DATASET ENTRIES:
-- -- --
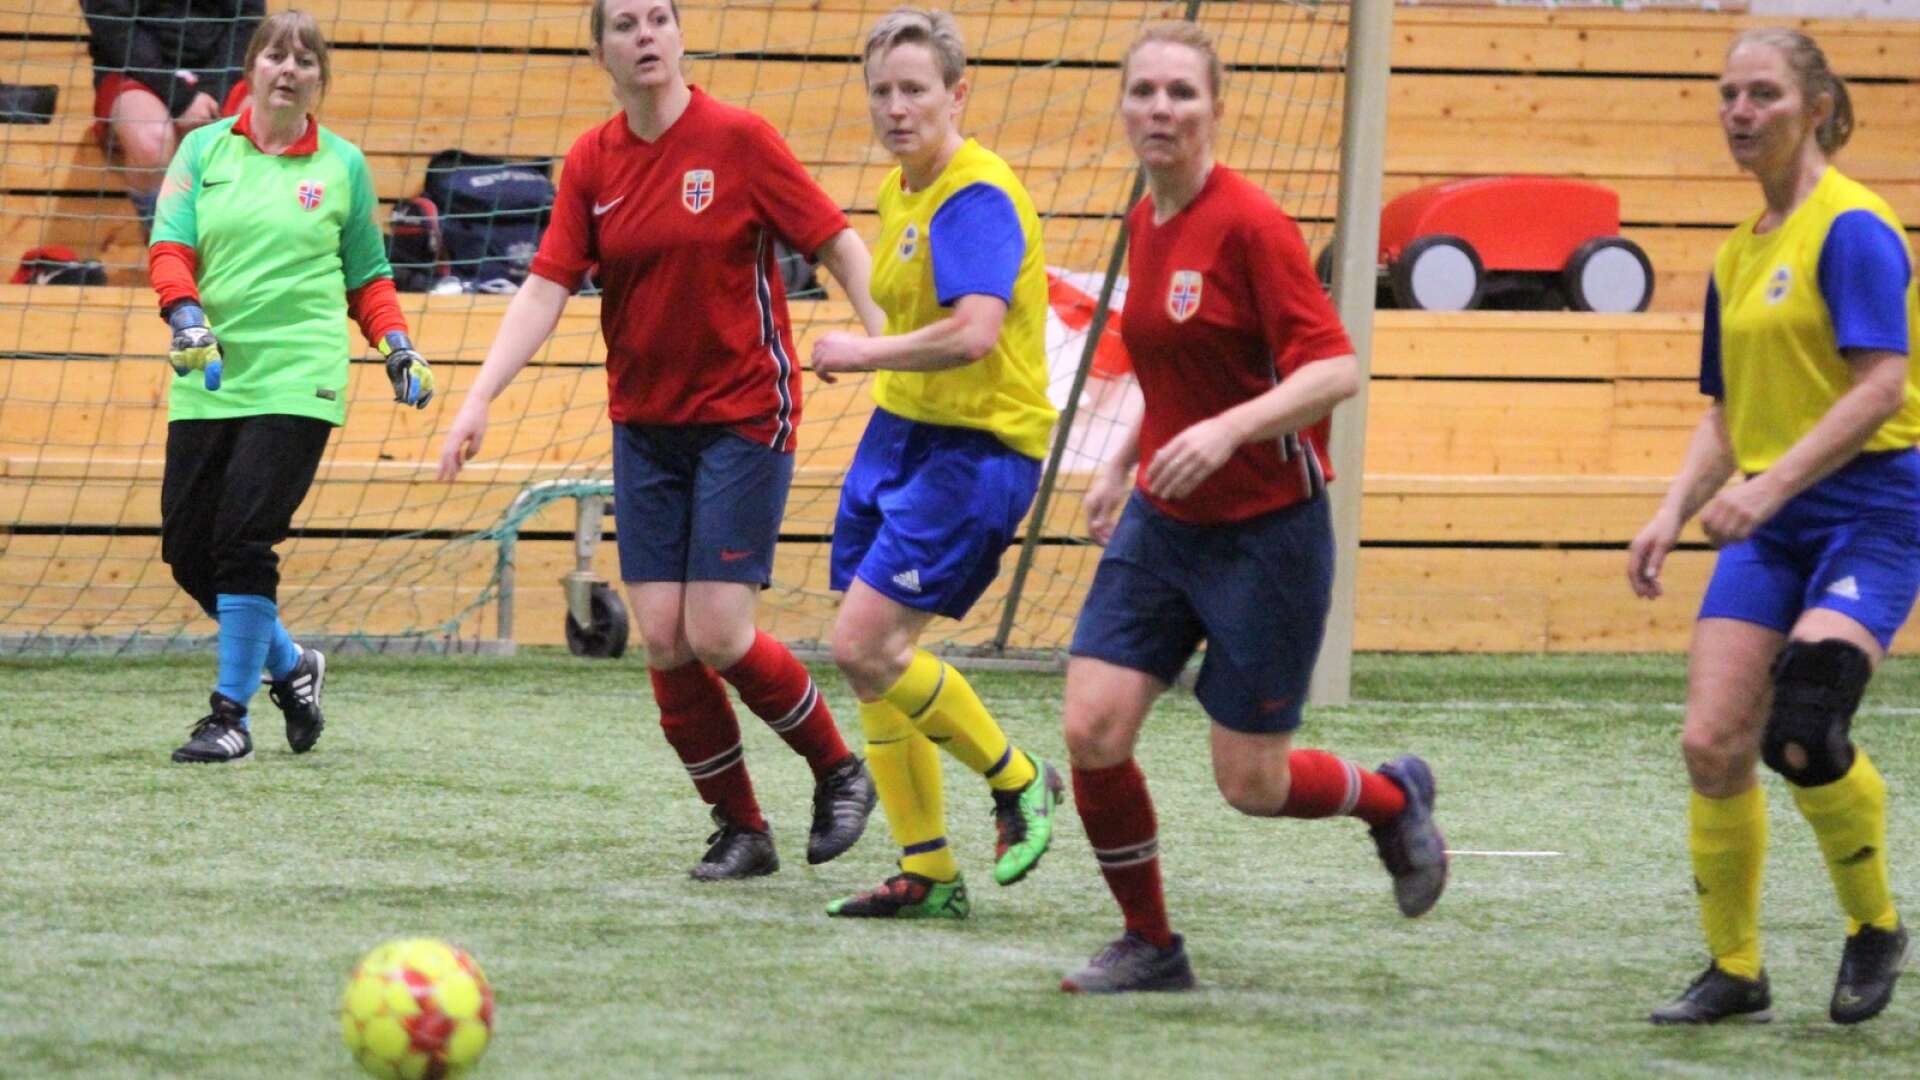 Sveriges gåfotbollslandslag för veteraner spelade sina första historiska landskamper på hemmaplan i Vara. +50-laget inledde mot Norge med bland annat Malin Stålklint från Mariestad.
-- -- --
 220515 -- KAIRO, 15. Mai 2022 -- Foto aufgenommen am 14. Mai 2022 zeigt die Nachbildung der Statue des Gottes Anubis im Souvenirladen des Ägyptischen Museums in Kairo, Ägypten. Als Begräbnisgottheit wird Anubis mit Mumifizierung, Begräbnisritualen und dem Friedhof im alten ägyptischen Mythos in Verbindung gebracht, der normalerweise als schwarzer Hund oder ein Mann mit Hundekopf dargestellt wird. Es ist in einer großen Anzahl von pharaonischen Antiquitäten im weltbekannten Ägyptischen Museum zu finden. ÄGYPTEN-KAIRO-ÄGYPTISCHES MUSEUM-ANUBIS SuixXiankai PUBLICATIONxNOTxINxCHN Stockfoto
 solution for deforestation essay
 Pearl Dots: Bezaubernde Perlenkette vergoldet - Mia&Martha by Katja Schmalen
-- -- --
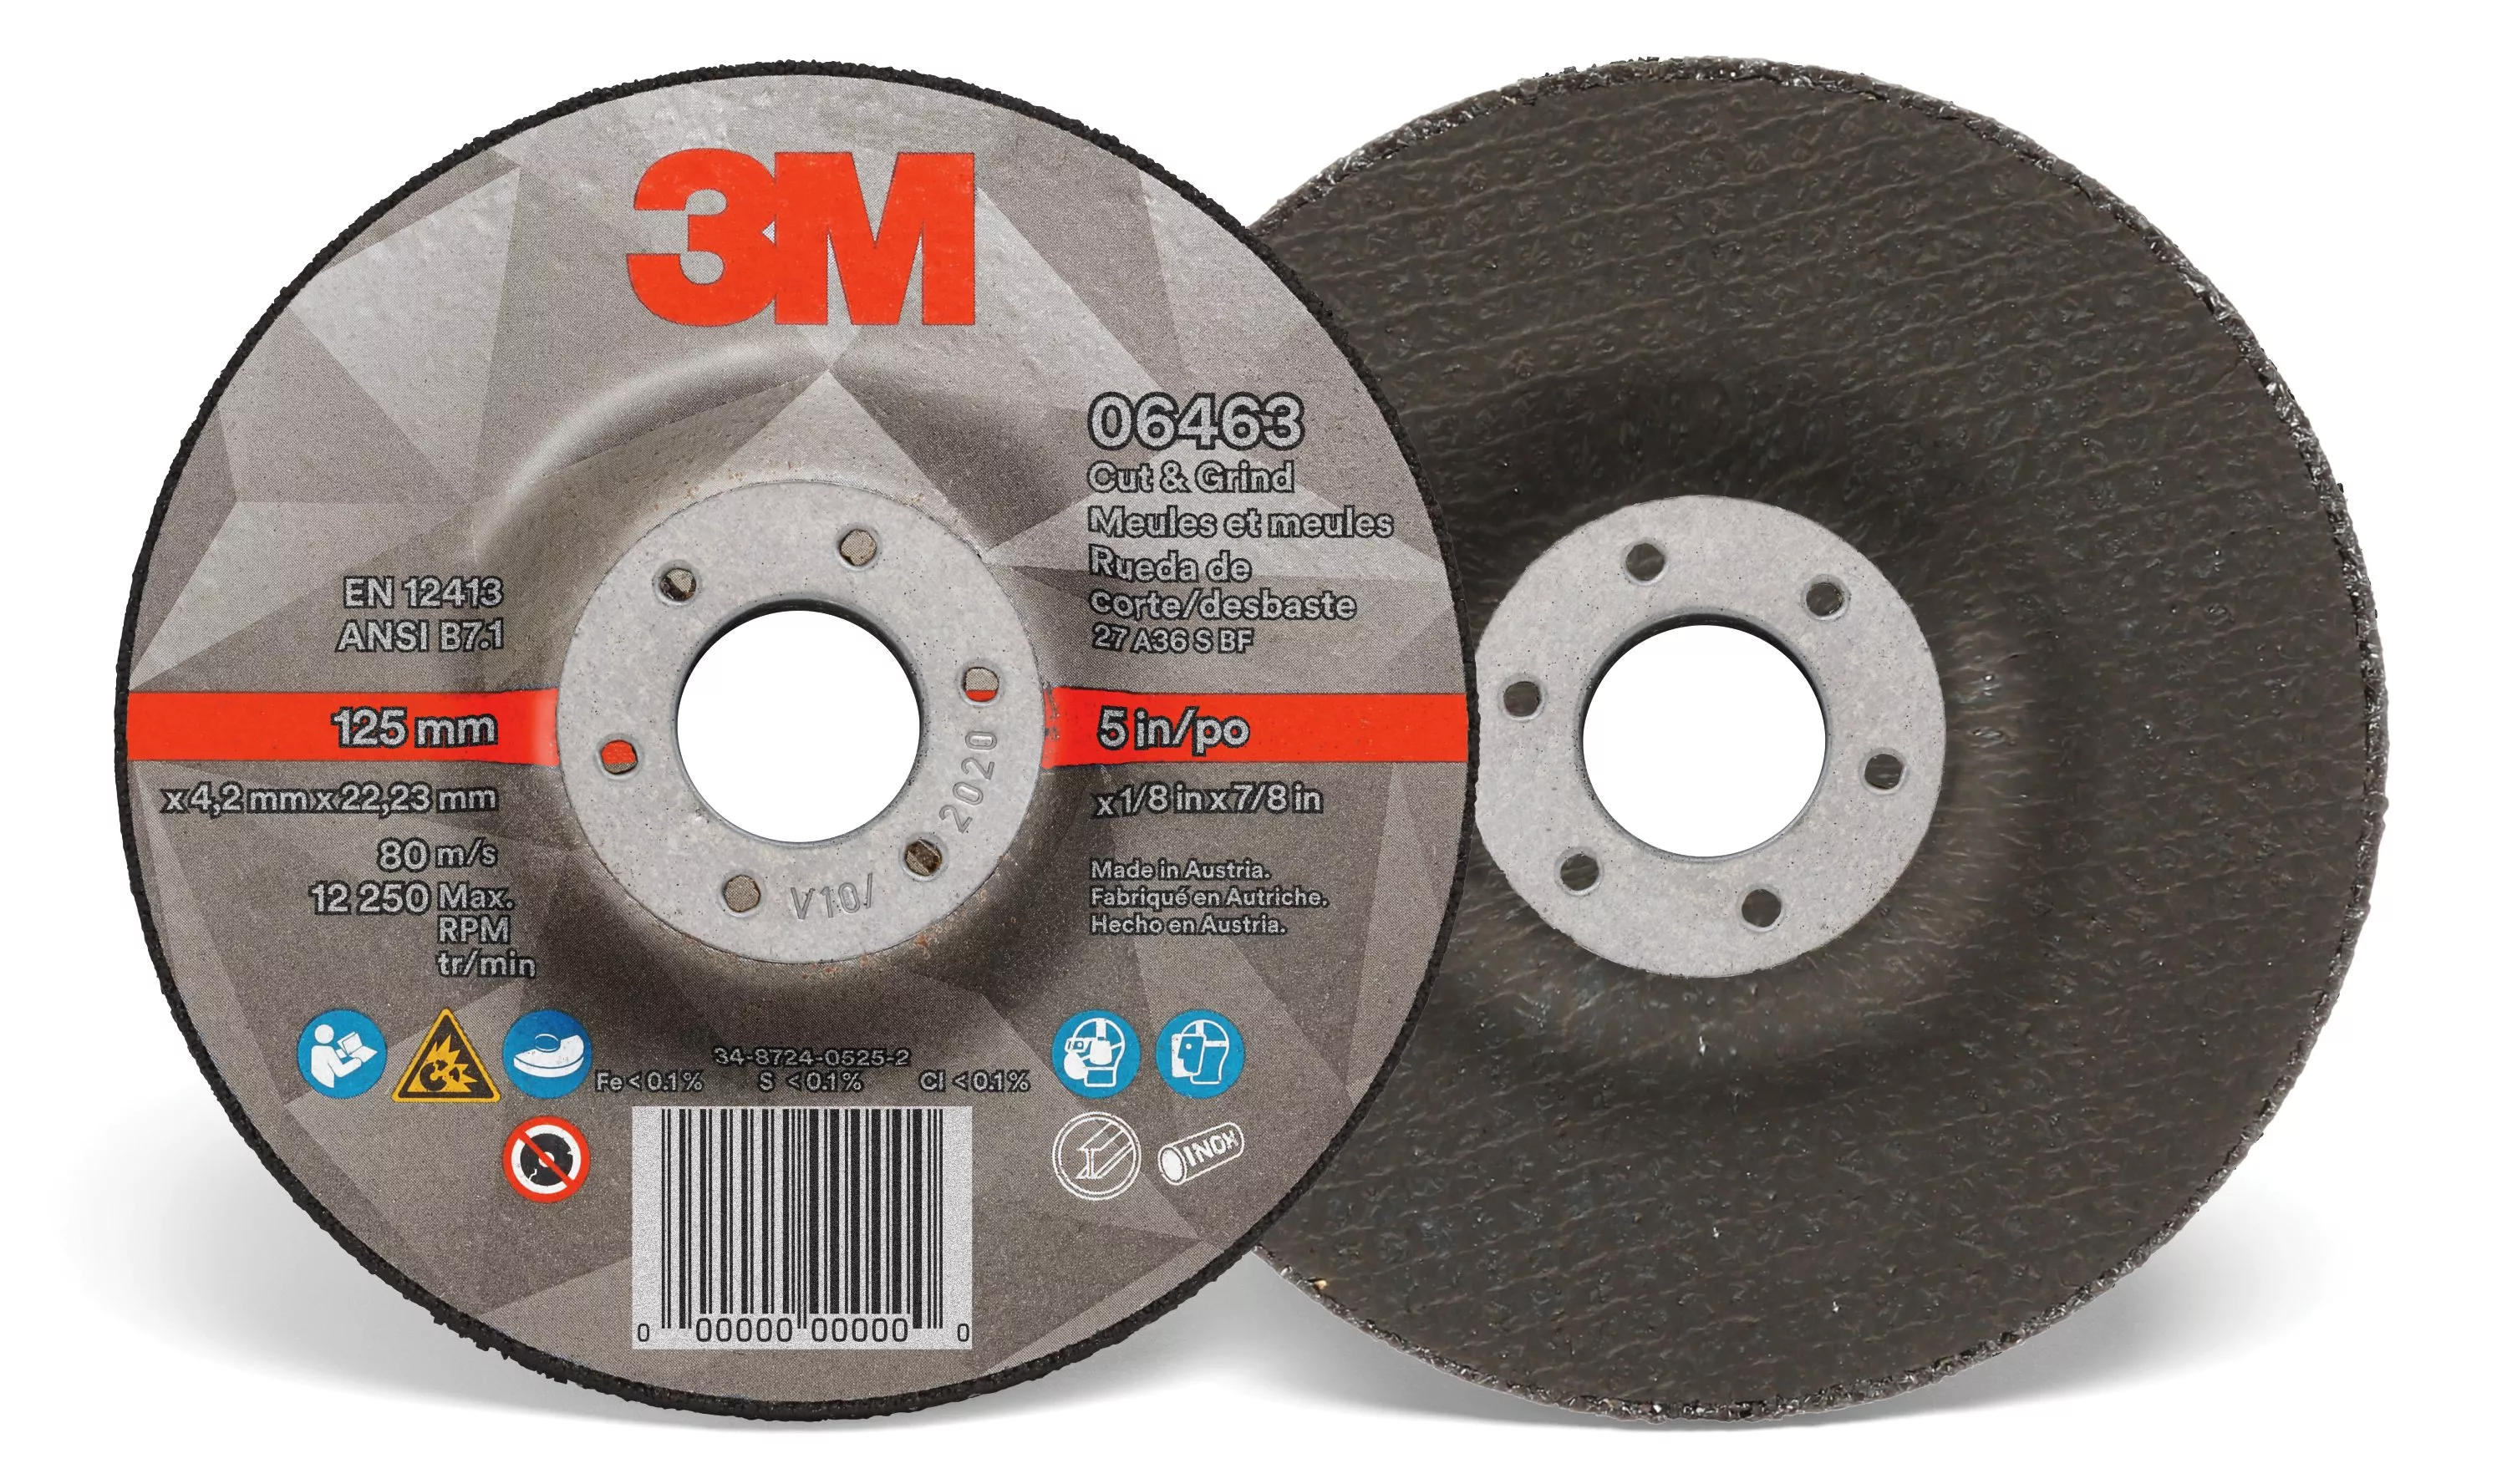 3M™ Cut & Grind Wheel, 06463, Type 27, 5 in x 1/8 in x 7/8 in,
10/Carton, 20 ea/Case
-- -- --
Could you write out, exactly as they stand, only the lines above that begin at the line with "solution for deforestation essay" and stop after the line with "Pearl Dots: Bezaubernde"?

 solution for deforestation essay
 Pearl Dots: Bezaubernde Perlenkette vergoldet - Mia&Martha by Katja Schmalen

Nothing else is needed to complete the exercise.